Mission Description:
Advanced Analytics and AI are high on the agenda at our client and we are looking to strengthen our internal team of AI experts.
In this regard, we are currently searching for an outstanding data engineer proficient in Python and Spark. Your role will be crucial in advancing the development of analytics workflows for the purpose of generating insights, implementing prescriptive analytics, and creating decision support applications. The initial primary area of focus for this position will revolve around data engineering within the pharmaceutical manufacturing sector. As part of our team, you will have the opportunity to collaborate with other accomplished professionals and contribute to cutting-edge projects.

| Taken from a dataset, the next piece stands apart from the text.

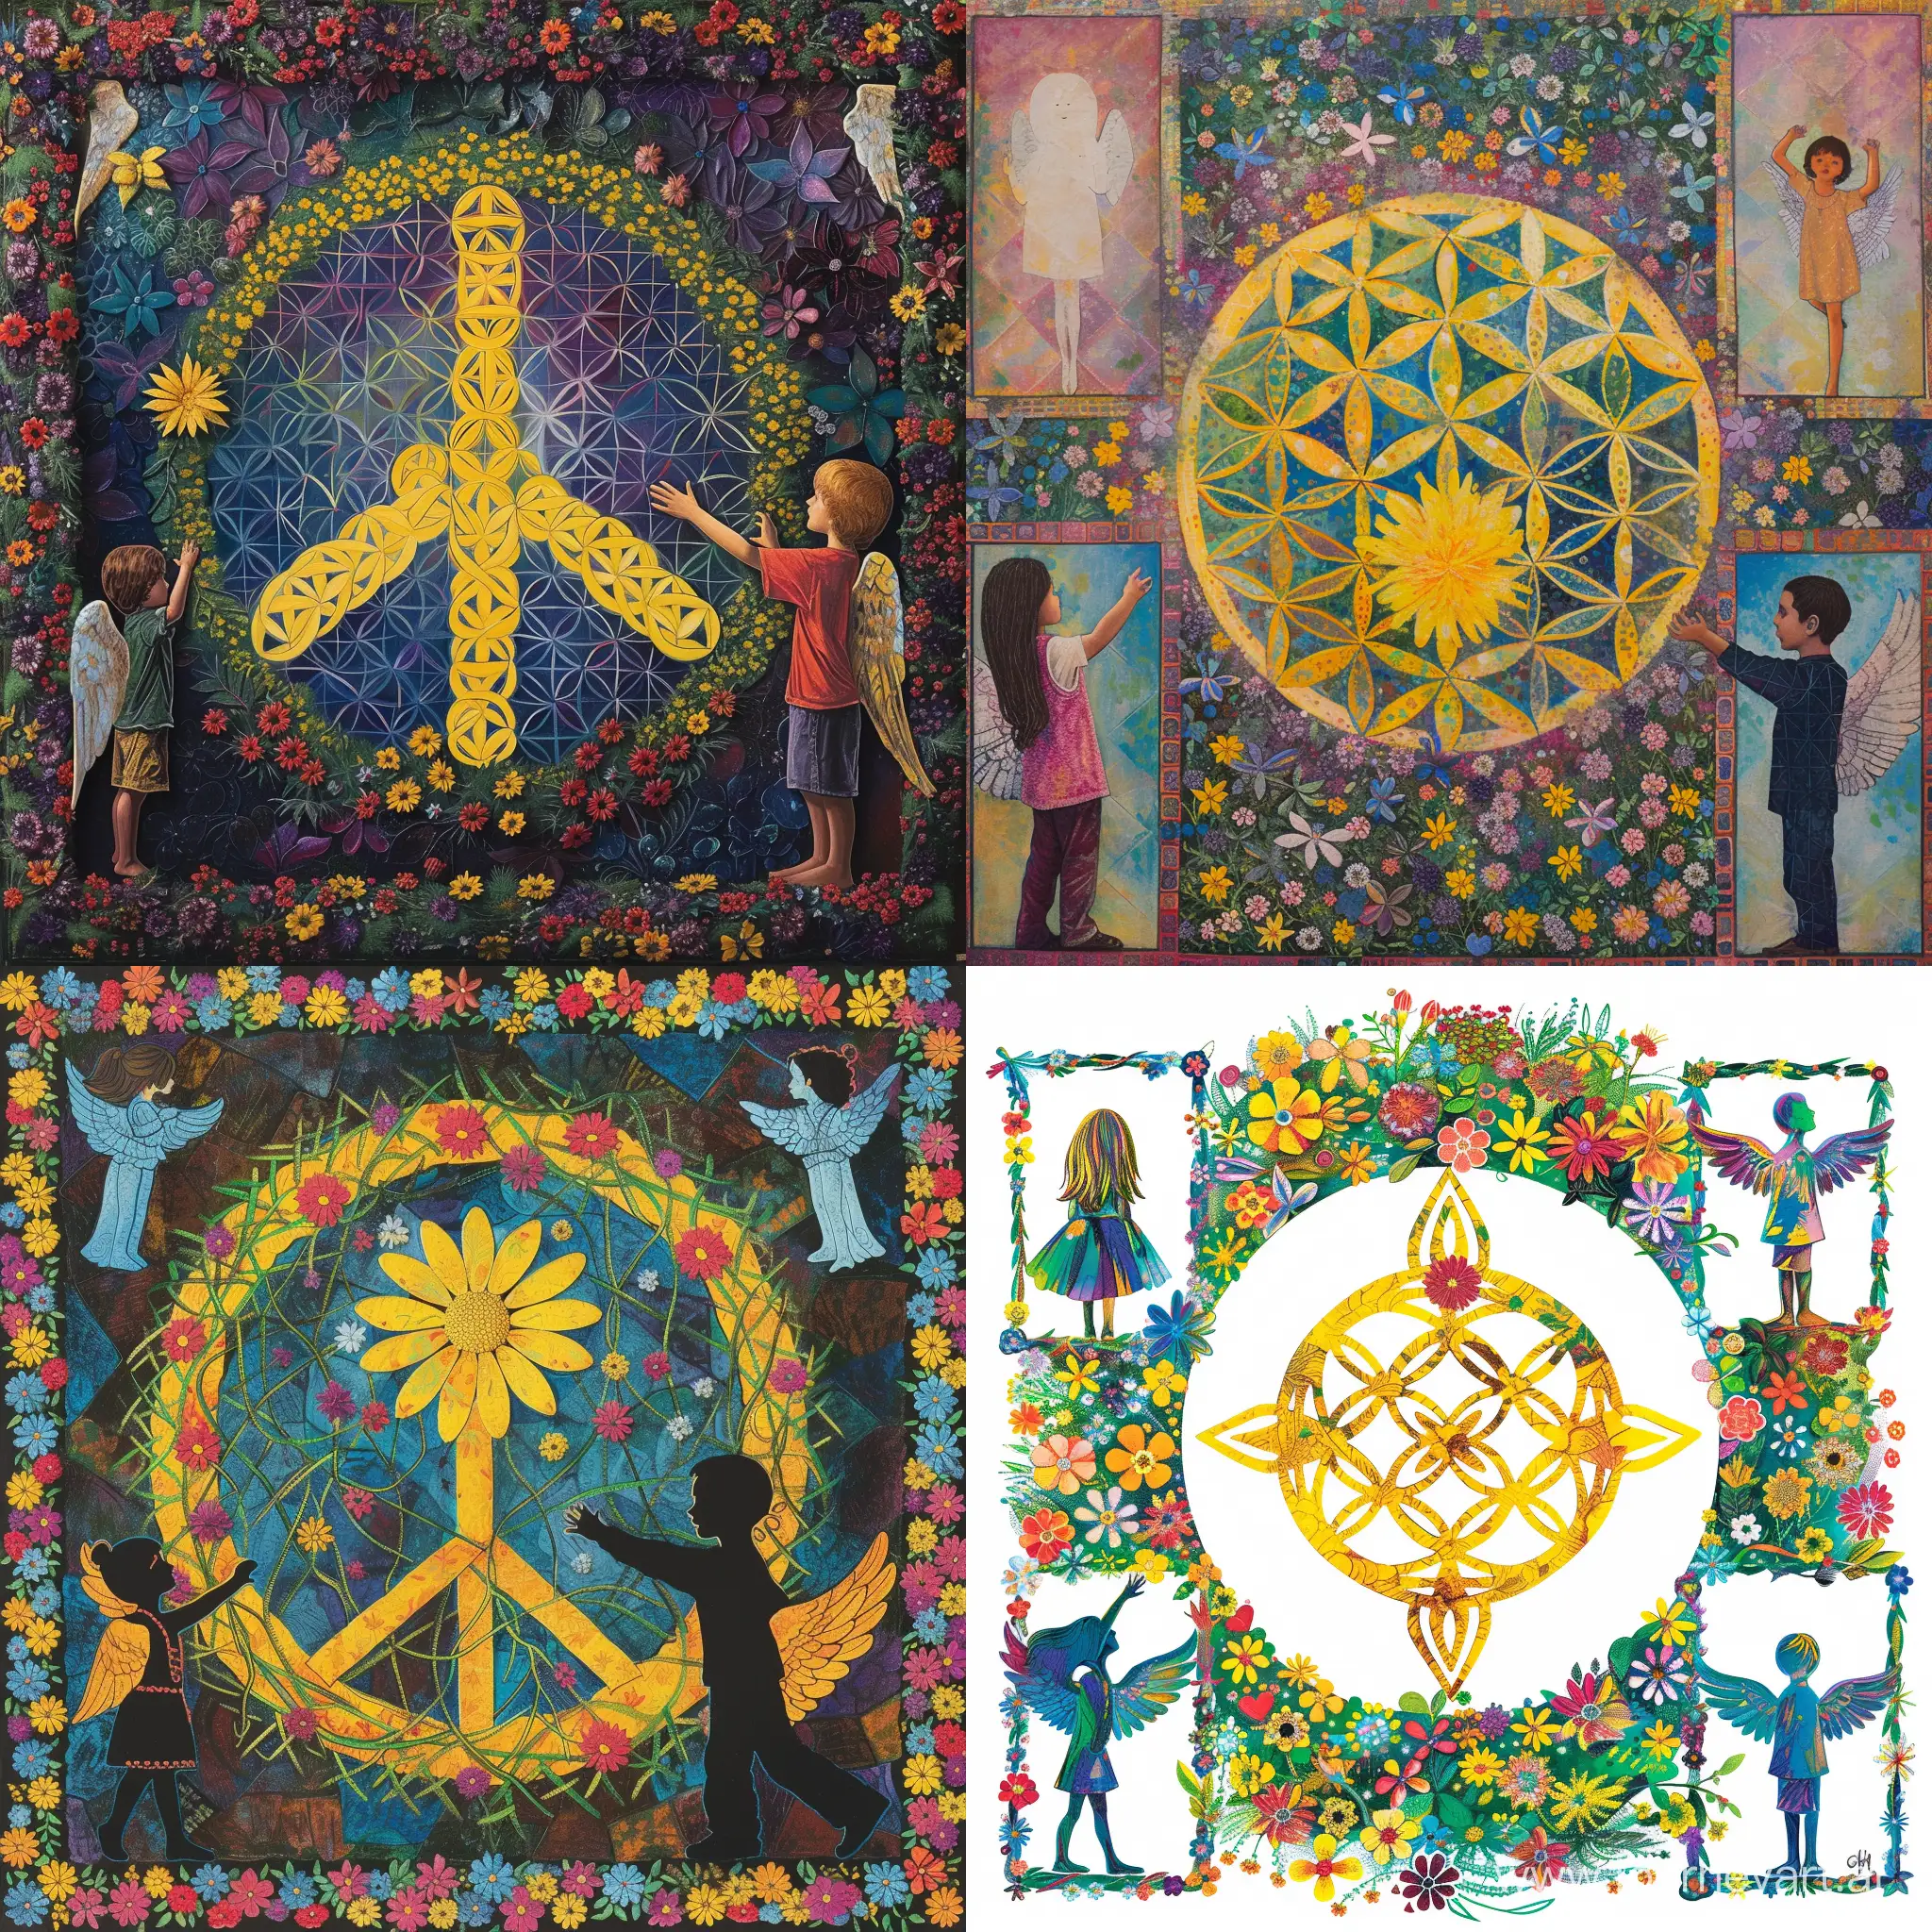 A symbol of peace, colorful and alive, interwoven with flowers all around the circle. On the sides of the circle, within frames, to the right and left, a boy and a girl standing in profile appear as little angels, reaching towards the center where the yellow flower of life blooms

Your expertise in data engineering and proficiency in Python and Spark will be instrumental in driving the progress of our analytics initiatives.
Responsibilities:
Develop and operate data pipelines processing large, complex datasets as input for analytics and machine learning
Help to define the analytical scope and data for projects, including investigating data sources, designing new features and data integration flows.
Identify, design, and implement internal process improvements: automating manual processes, optimizing data delivery, re-designing infrastructure for greater scalability, etc.
Create data tools for analytics and data scientist team members that assist them in building and optimizing their results.
Utilizing a diverse array of technologies and data science toolsets as needed, primarily Python, Spark and Pandas, but also Jupyter, Denodo, Azure ML, Azure DevOps, Docker, Databricks, GIT, SQL, …
Communicate ideas, approaches and results with peers and stakeholders
Requirements:
Mastery of Python, Spark and Pandas to create ETL pipelines for data scientists to use; knowledge of one or more data pipelines frameworks is a plus
At least 3 years of intensive hands-on experience as a full-stack Python data engineer: Python, Spark, Pandas, NumPy, SciPy, visualization (matplotlib), data pipeline orchestration (e.g. kedro)
Good knowledge and experience with versioning systems (GIT)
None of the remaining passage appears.